_SUPPLIED RECORDS_
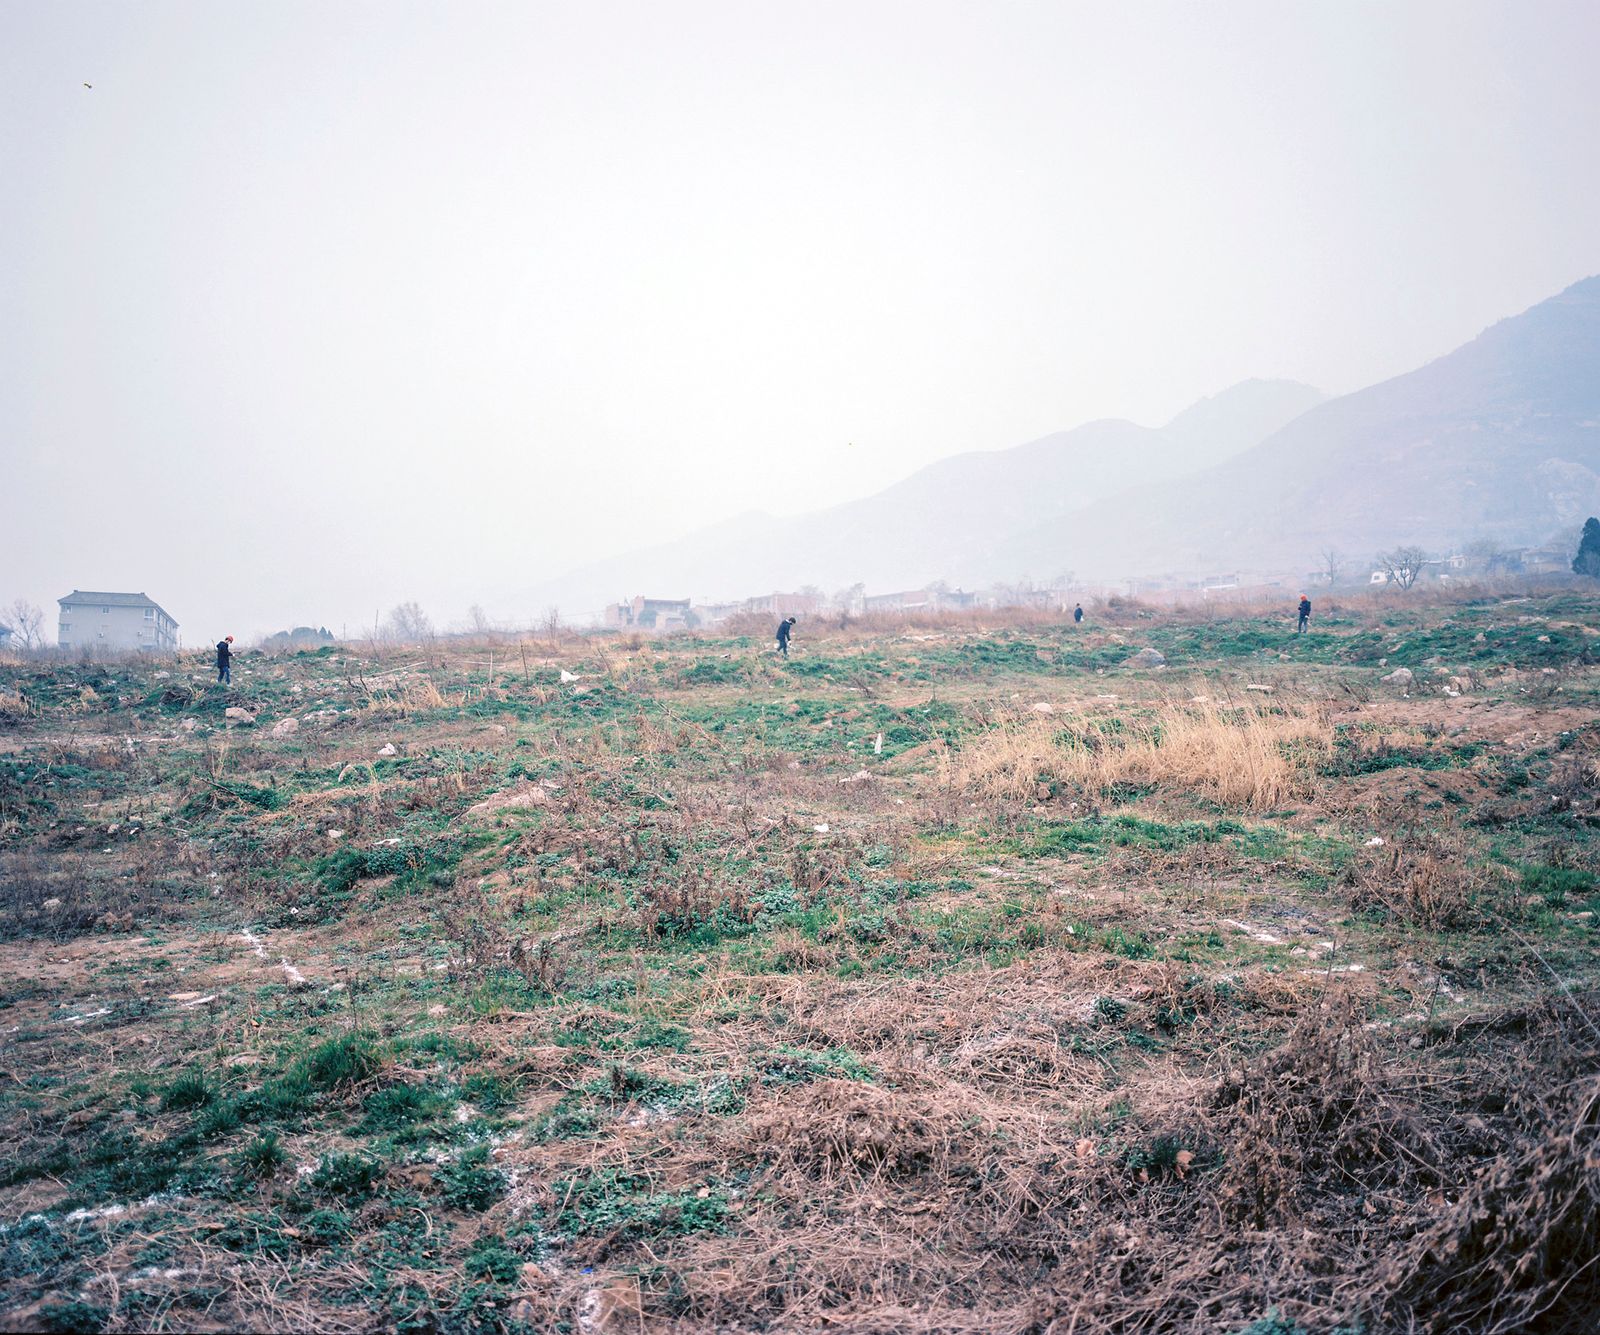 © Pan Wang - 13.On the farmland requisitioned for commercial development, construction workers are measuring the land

...

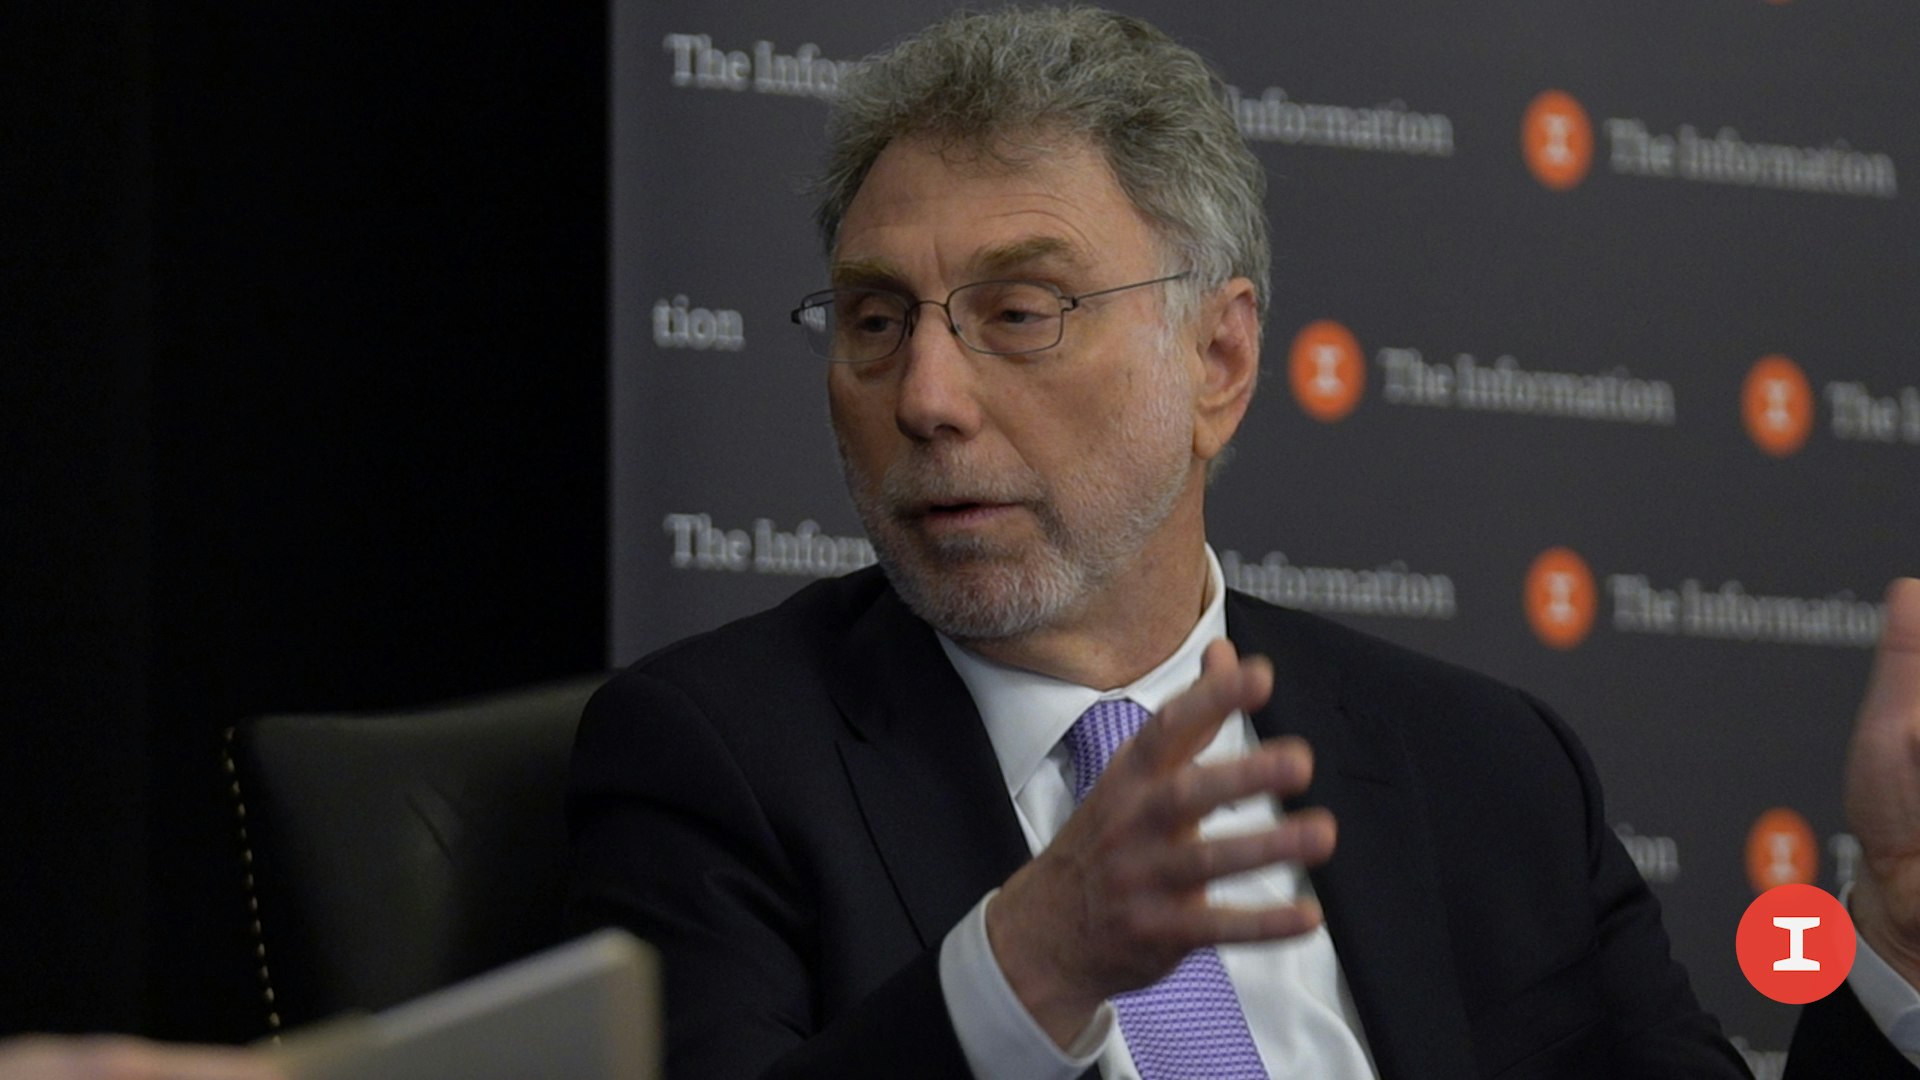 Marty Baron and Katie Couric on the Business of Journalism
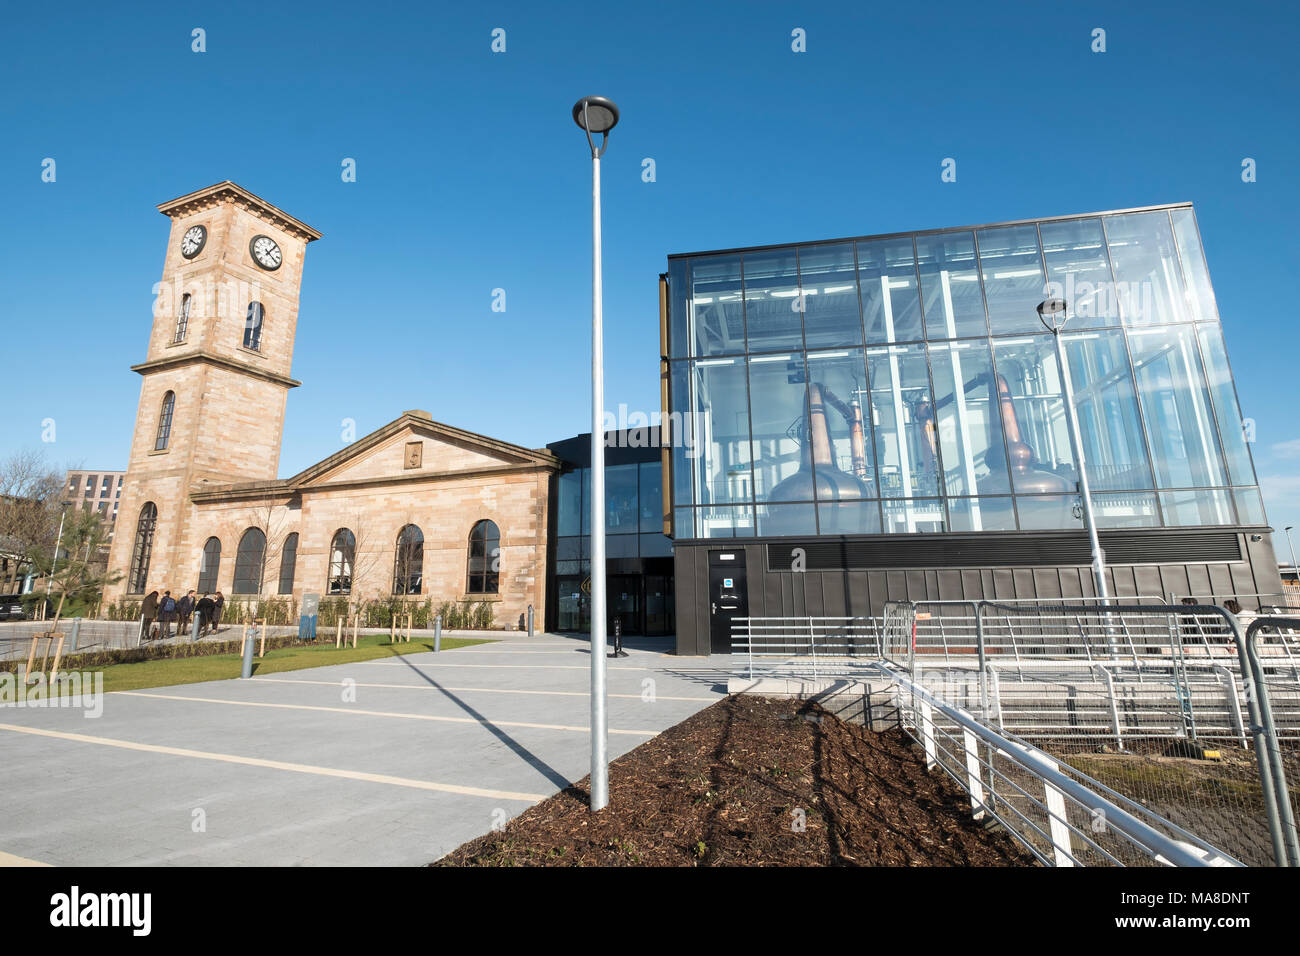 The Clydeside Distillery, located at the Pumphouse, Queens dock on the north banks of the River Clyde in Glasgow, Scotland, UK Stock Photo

==

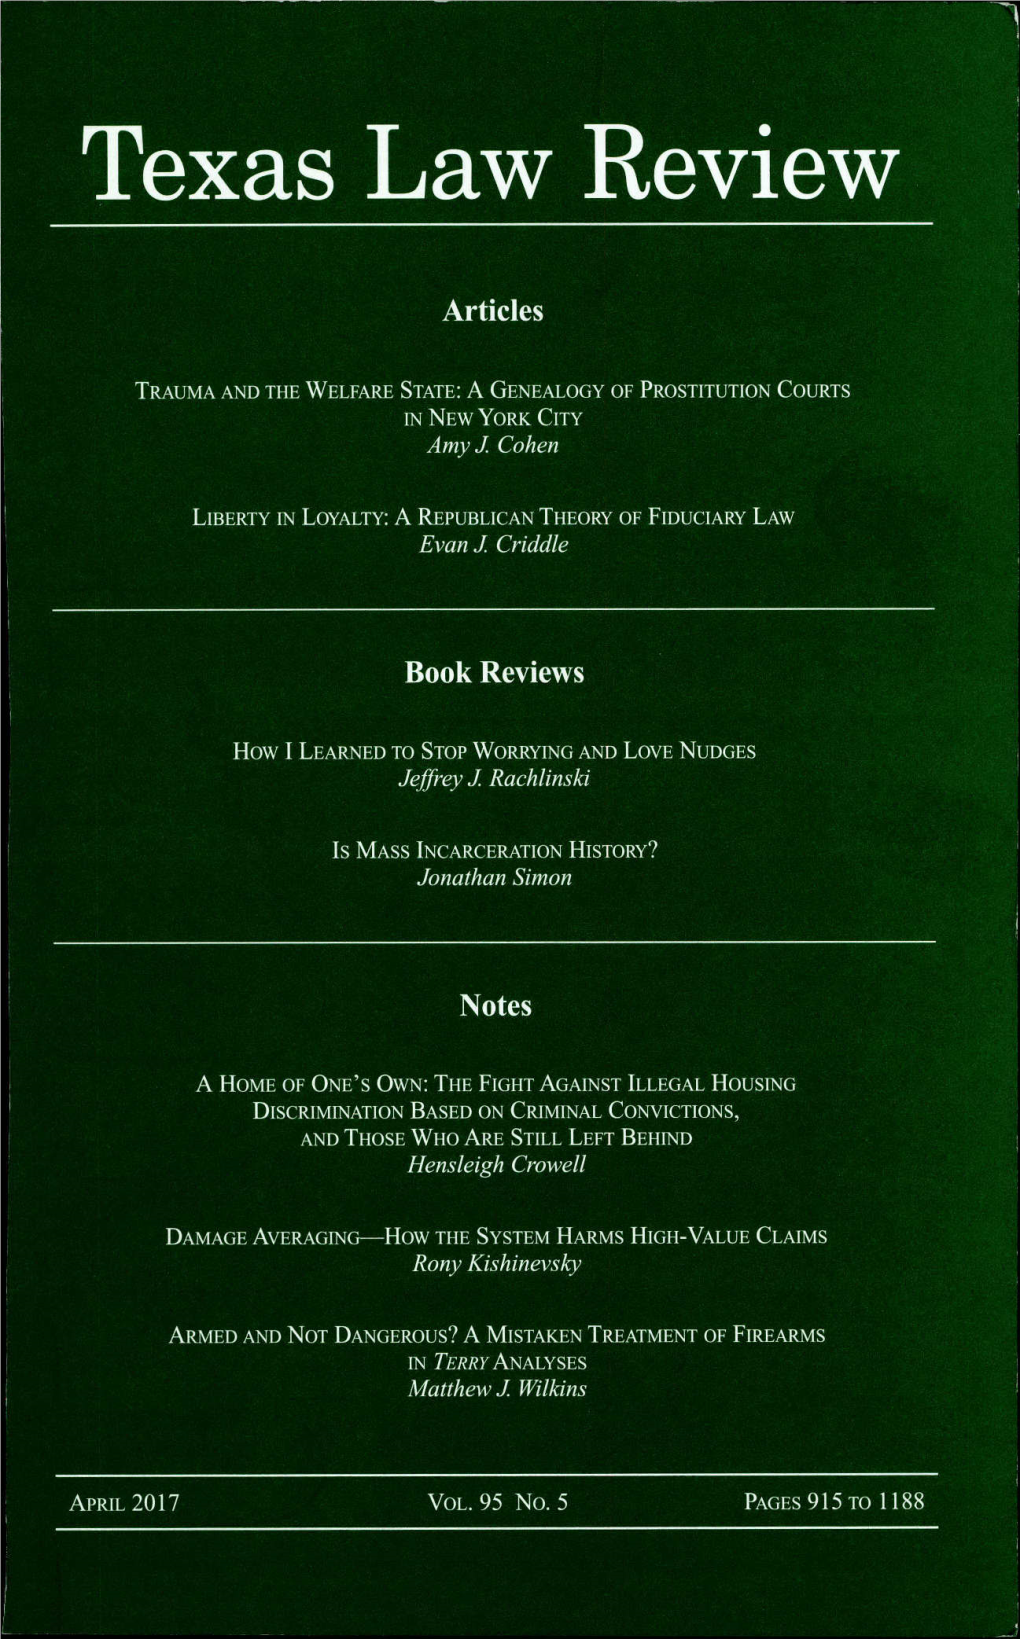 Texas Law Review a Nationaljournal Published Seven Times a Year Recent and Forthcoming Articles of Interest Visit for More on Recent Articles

_WORK REQUIRED_
Leaving out all pictures, set down exactly the lines of the material above, from the line with "Marty Baron and" to the line with "The Clydeside Distillery, located" inclusive, and no others.

_RESPONSE FOR THIS EXERCISE_
 Marty Baron and Katie Couric on the Business of Journalism
 The Clydeside Distillery, located at the Pumphouse, Queens dock on the north banks of the River Clyde in Glasgow, Scotland, UK Stock Photo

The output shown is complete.